Exercise goal: Without pictures, return the lines from the one containing "empty white bed" through the last line of the data below, exactly.

Provided material:
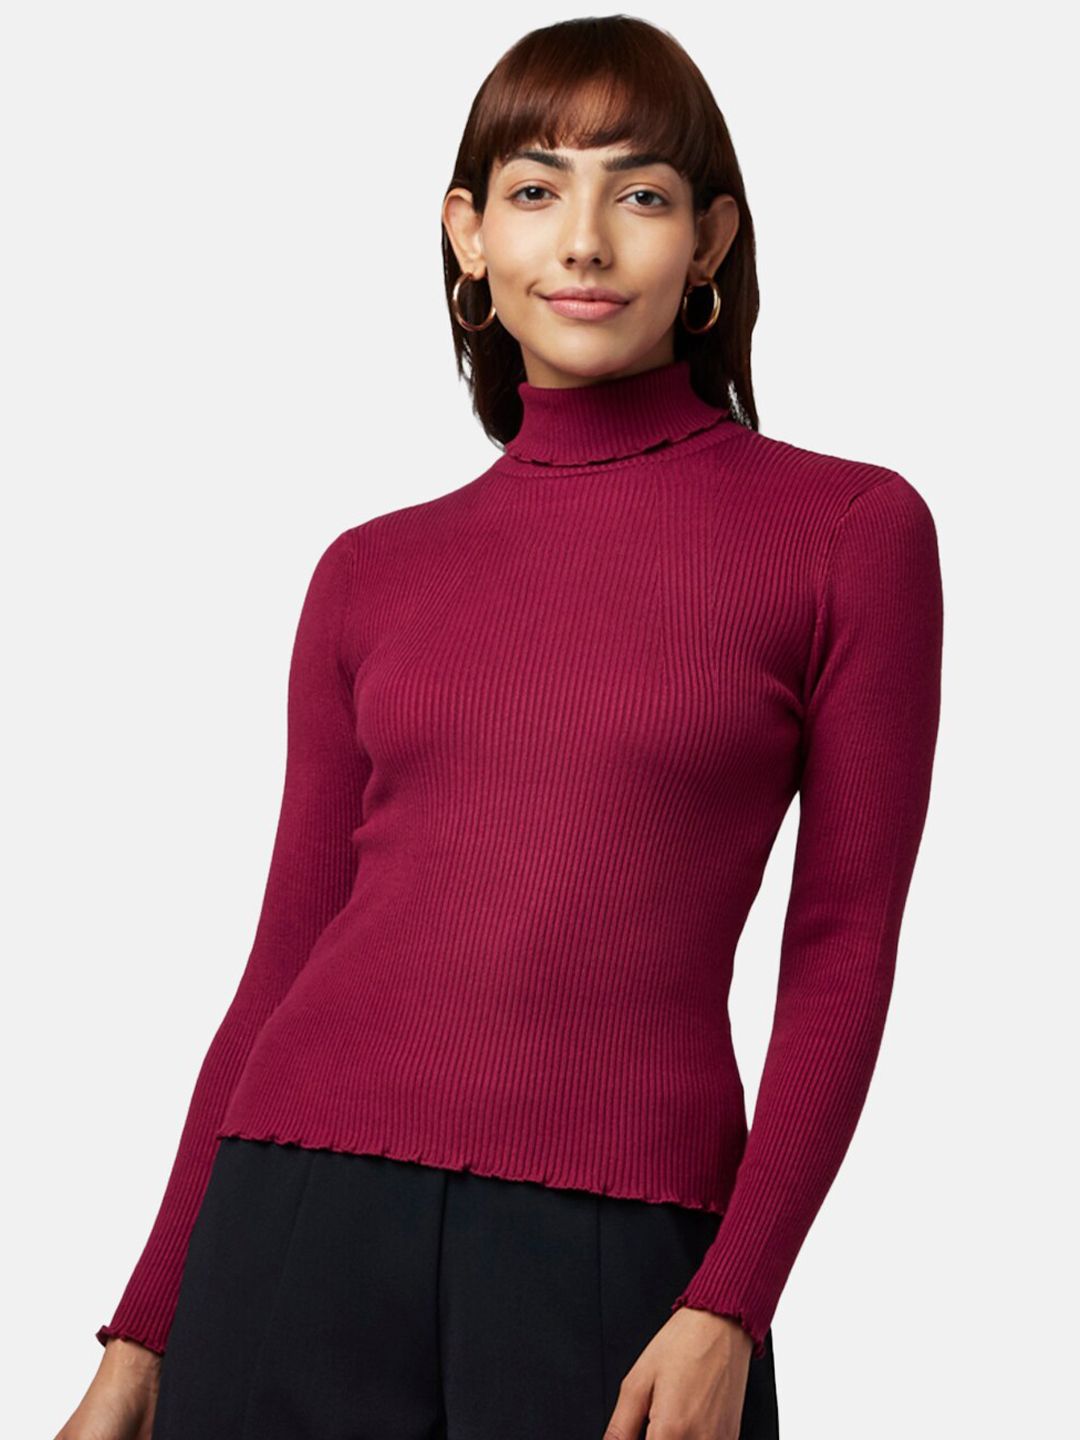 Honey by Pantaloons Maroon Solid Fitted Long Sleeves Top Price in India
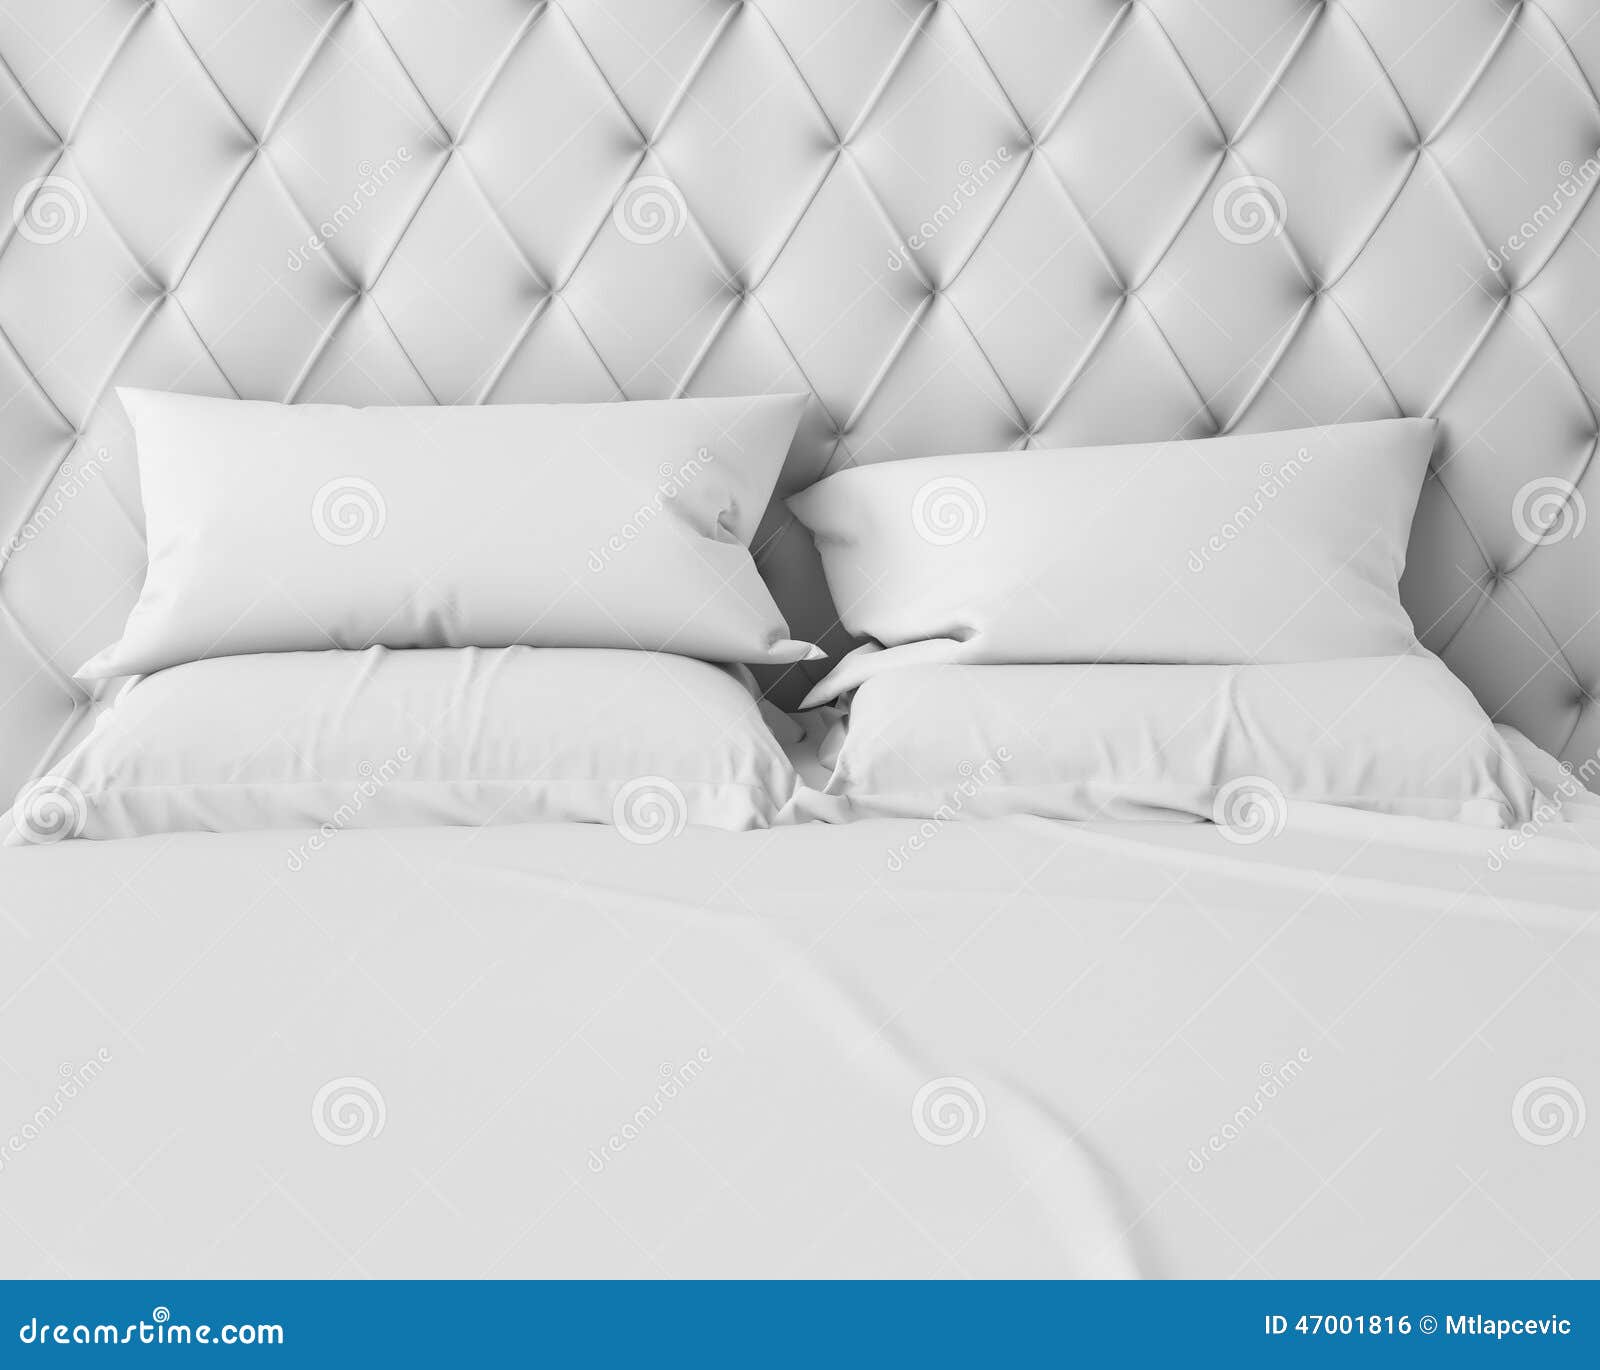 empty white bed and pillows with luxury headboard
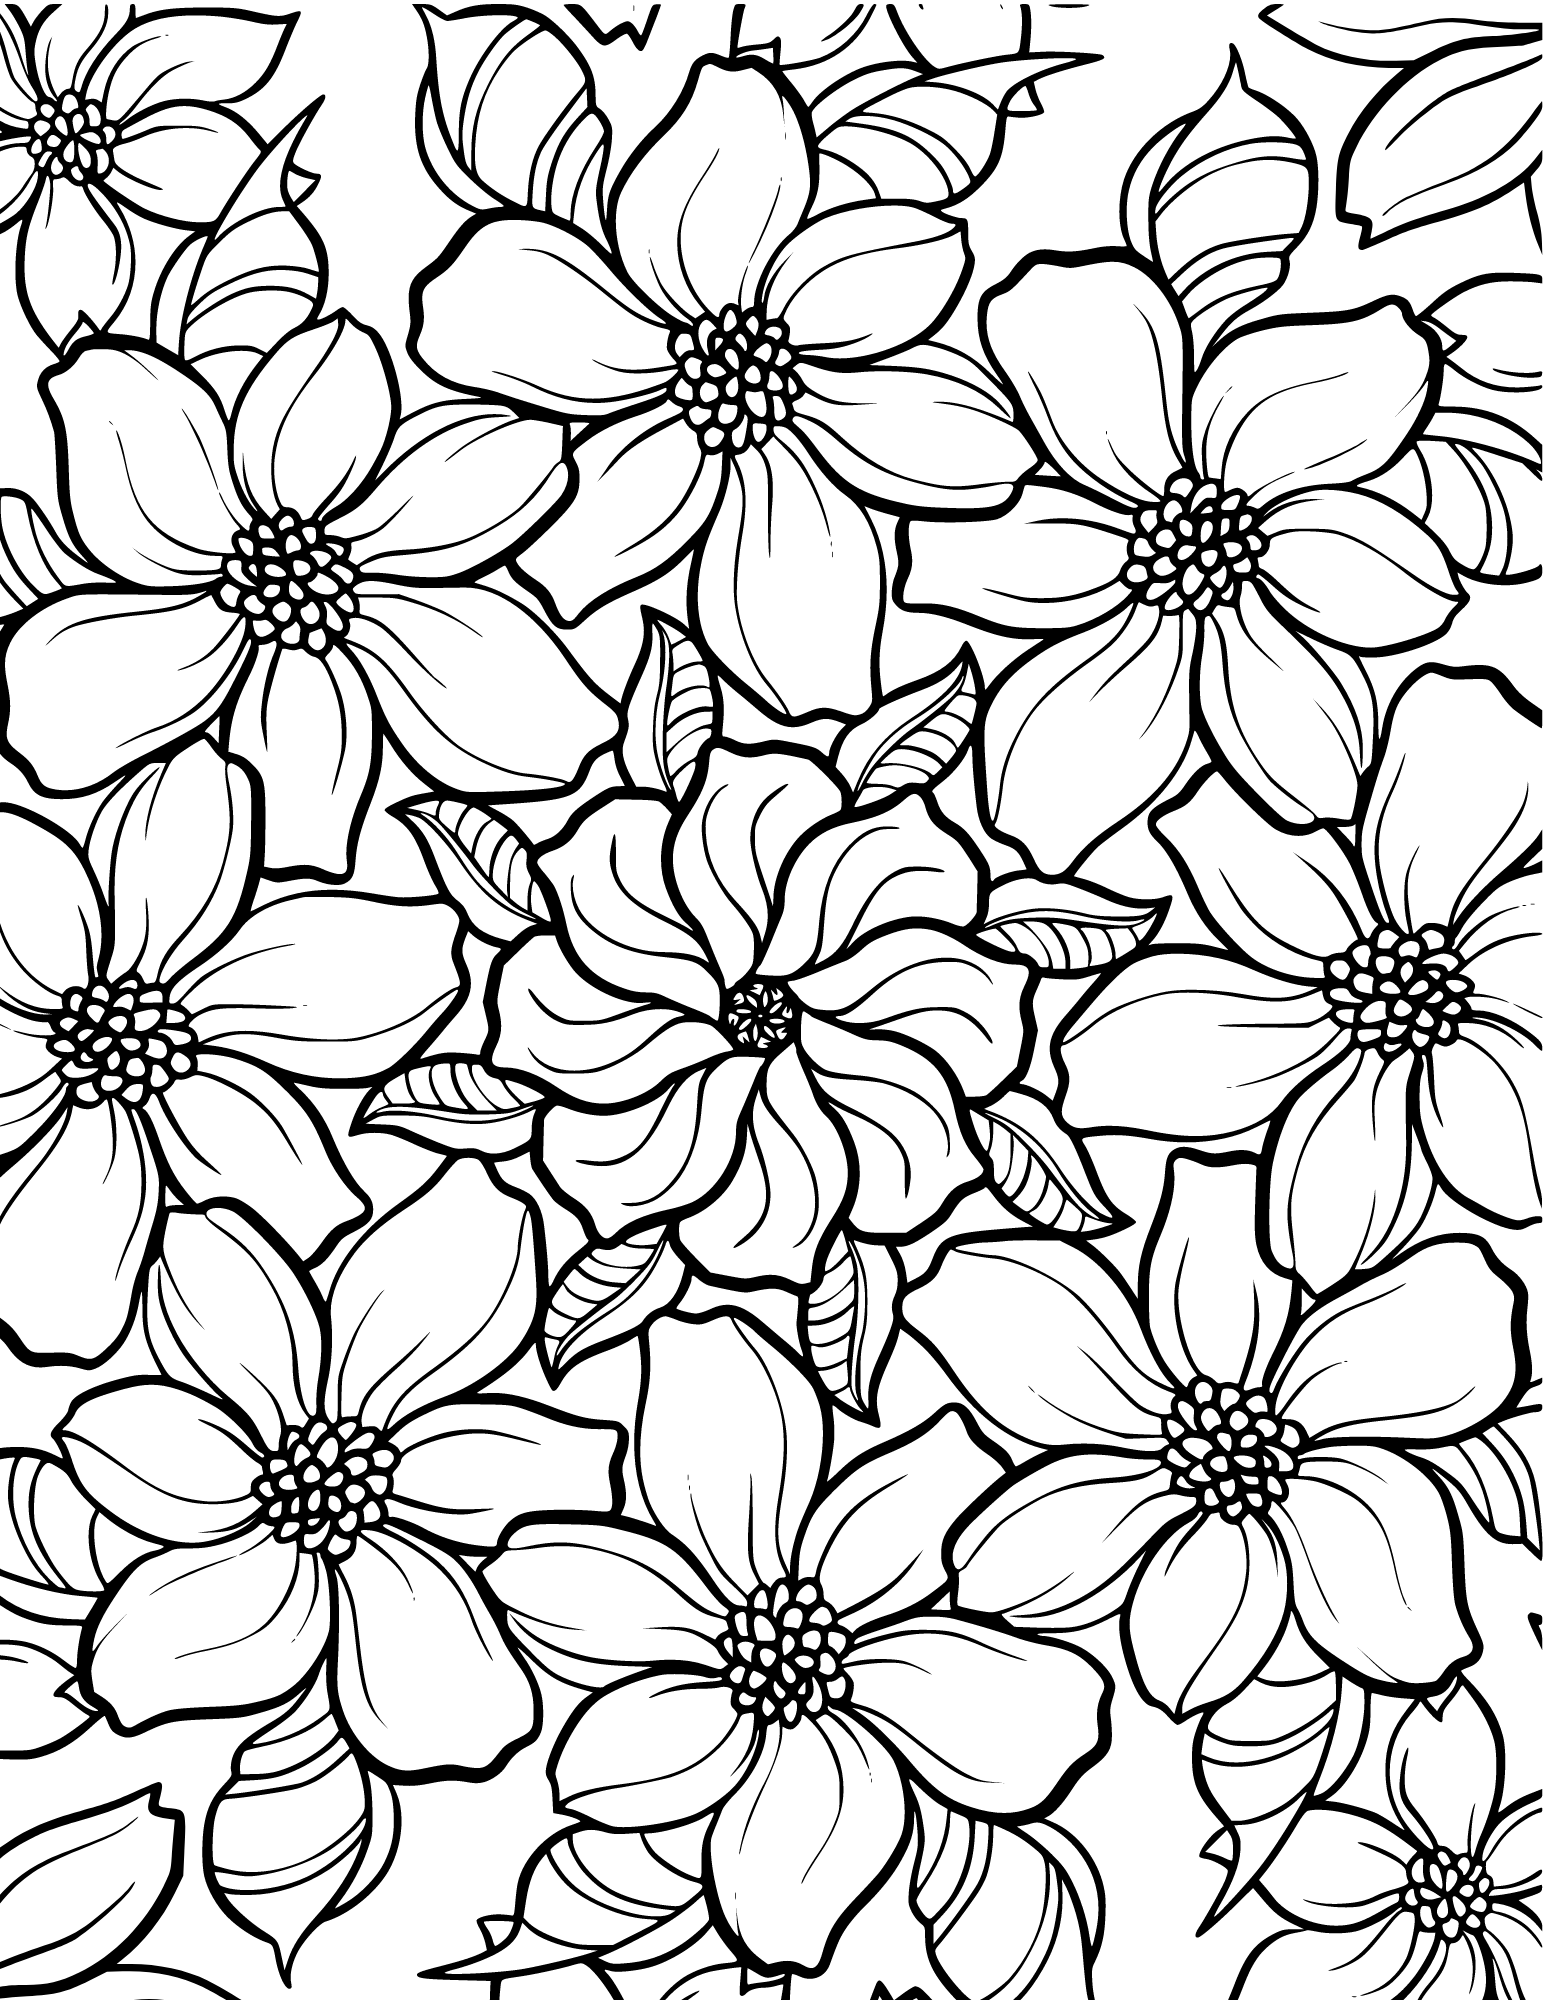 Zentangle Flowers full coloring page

Exercise response:
 empty white bed and pillows with luxury headboard
 Zentangle Flowers full coloring page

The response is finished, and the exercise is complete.